Each line in the records below, from the one that contains "Properties and Serviceability" to the one that contains "A Fabergé pendant", should be reproduced exactly, the first and last included.

(Entries taken from a collection)
_ _ _
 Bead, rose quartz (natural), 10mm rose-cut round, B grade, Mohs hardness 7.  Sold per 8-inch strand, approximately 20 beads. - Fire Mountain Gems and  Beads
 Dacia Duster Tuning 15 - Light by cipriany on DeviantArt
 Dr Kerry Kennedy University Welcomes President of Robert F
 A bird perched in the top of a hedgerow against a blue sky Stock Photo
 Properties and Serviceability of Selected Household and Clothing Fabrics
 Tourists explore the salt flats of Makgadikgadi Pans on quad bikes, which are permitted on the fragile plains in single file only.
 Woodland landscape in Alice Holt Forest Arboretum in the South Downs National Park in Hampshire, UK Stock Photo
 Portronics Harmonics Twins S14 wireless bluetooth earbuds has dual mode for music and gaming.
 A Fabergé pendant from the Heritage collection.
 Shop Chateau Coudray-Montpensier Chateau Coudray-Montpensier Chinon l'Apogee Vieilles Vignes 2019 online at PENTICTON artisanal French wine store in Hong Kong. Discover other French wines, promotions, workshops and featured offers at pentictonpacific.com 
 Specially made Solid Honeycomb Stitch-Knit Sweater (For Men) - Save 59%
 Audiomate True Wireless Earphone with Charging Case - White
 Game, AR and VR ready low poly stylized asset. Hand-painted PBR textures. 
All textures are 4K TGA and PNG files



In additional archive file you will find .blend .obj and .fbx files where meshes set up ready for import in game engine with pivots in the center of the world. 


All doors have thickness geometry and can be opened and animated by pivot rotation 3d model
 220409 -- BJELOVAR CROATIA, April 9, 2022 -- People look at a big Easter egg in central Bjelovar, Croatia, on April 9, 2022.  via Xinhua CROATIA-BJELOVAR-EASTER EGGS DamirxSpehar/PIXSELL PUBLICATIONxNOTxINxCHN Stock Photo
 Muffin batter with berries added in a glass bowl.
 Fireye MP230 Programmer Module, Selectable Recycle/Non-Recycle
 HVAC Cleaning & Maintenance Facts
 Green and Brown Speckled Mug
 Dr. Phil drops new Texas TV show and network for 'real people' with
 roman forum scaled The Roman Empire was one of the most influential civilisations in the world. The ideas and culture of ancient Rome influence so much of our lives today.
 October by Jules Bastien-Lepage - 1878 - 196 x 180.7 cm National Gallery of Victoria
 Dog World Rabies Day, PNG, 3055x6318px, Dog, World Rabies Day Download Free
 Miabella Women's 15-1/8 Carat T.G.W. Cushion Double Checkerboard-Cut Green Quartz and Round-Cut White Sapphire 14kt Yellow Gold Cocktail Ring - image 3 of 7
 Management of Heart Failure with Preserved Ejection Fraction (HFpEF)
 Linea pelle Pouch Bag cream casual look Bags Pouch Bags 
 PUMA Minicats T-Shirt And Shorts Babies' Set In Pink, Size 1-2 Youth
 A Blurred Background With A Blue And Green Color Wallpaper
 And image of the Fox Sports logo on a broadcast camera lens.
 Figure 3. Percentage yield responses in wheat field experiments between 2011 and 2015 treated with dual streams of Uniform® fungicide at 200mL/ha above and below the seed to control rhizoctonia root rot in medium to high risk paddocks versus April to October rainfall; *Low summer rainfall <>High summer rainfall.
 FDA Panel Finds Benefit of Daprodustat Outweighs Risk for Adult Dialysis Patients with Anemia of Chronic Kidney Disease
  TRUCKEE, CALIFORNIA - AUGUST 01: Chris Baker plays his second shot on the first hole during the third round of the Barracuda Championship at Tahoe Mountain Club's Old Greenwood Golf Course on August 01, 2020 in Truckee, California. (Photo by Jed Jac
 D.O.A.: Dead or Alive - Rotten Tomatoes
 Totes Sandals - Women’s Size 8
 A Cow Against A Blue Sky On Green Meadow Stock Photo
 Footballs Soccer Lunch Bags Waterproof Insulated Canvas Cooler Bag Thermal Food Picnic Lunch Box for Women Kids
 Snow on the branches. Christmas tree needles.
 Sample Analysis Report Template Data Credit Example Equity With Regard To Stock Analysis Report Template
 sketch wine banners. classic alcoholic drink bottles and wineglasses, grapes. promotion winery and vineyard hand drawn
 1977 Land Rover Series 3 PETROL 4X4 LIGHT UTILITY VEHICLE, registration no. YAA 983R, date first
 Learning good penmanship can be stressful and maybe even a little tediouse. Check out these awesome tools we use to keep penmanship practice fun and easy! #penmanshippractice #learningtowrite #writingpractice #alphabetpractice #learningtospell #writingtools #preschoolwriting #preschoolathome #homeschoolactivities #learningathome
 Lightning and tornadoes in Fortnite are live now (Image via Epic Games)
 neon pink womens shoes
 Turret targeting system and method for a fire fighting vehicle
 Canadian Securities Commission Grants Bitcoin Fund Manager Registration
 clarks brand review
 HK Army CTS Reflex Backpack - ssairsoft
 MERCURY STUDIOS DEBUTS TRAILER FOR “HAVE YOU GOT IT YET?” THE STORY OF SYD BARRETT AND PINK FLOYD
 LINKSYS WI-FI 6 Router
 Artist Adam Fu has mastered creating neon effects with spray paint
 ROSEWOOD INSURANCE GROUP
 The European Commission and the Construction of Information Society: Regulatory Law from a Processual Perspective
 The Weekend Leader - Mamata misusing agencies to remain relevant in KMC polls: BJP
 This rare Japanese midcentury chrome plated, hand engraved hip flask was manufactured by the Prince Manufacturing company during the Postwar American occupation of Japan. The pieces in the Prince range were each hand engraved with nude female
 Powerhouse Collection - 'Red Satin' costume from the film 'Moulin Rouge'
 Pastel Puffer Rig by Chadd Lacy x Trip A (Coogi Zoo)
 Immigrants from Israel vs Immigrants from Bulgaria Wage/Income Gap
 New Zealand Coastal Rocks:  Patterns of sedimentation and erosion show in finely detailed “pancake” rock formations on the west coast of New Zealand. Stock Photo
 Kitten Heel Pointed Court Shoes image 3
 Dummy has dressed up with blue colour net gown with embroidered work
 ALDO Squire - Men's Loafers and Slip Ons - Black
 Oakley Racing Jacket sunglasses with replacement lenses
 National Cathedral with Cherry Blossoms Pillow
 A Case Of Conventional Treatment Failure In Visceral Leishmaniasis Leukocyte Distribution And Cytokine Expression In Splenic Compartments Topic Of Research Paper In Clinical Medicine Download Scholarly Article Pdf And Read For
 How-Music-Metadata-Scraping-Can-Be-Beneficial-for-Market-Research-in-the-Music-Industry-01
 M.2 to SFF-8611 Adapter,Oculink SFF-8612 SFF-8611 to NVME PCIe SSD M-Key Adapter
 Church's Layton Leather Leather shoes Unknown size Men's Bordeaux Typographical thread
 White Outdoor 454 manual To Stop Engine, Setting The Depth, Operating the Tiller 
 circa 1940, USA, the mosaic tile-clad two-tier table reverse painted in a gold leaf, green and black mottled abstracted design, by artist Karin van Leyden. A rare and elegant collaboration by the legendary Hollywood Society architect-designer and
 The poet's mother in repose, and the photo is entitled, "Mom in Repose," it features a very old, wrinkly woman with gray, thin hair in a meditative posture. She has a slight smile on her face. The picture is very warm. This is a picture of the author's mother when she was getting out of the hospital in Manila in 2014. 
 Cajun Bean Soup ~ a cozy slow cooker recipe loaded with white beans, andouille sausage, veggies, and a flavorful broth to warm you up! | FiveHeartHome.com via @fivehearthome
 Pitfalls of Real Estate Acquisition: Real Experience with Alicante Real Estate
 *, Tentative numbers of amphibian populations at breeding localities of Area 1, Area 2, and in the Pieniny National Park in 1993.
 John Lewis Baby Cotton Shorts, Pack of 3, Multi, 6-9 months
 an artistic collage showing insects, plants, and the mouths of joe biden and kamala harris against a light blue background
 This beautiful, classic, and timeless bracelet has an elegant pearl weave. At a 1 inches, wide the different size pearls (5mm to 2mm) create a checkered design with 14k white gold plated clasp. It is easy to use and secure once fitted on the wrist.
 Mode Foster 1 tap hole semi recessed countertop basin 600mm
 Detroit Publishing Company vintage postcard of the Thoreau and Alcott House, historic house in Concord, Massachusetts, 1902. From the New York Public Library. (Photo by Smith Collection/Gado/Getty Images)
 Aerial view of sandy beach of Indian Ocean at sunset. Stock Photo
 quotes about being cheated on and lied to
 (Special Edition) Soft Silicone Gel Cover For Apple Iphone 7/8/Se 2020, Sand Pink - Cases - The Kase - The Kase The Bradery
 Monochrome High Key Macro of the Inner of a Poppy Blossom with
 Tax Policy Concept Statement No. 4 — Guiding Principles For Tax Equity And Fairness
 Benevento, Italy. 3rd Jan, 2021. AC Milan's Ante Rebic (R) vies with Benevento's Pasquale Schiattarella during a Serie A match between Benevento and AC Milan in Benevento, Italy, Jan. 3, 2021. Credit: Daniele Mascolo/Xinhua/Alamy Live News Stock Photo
_ _ _
*The answer*
 Properties and Serviceability of Selected Household and Clothing Fabrics
 Tourists explore the salt flats of Makgadikgadi Pans on quad bikes, which are permitted on the fragile plains in single file only.
 Woodland landscape in Alice Holt Forest Arboretum in the South Downs National Park in Hampshire, UK Stock Photo
 Portronics Harmonics Twins S14 wireless bluetooth earbuds has dual mode for music and gaming.
 A Fabergé pendant from the Heritage collection.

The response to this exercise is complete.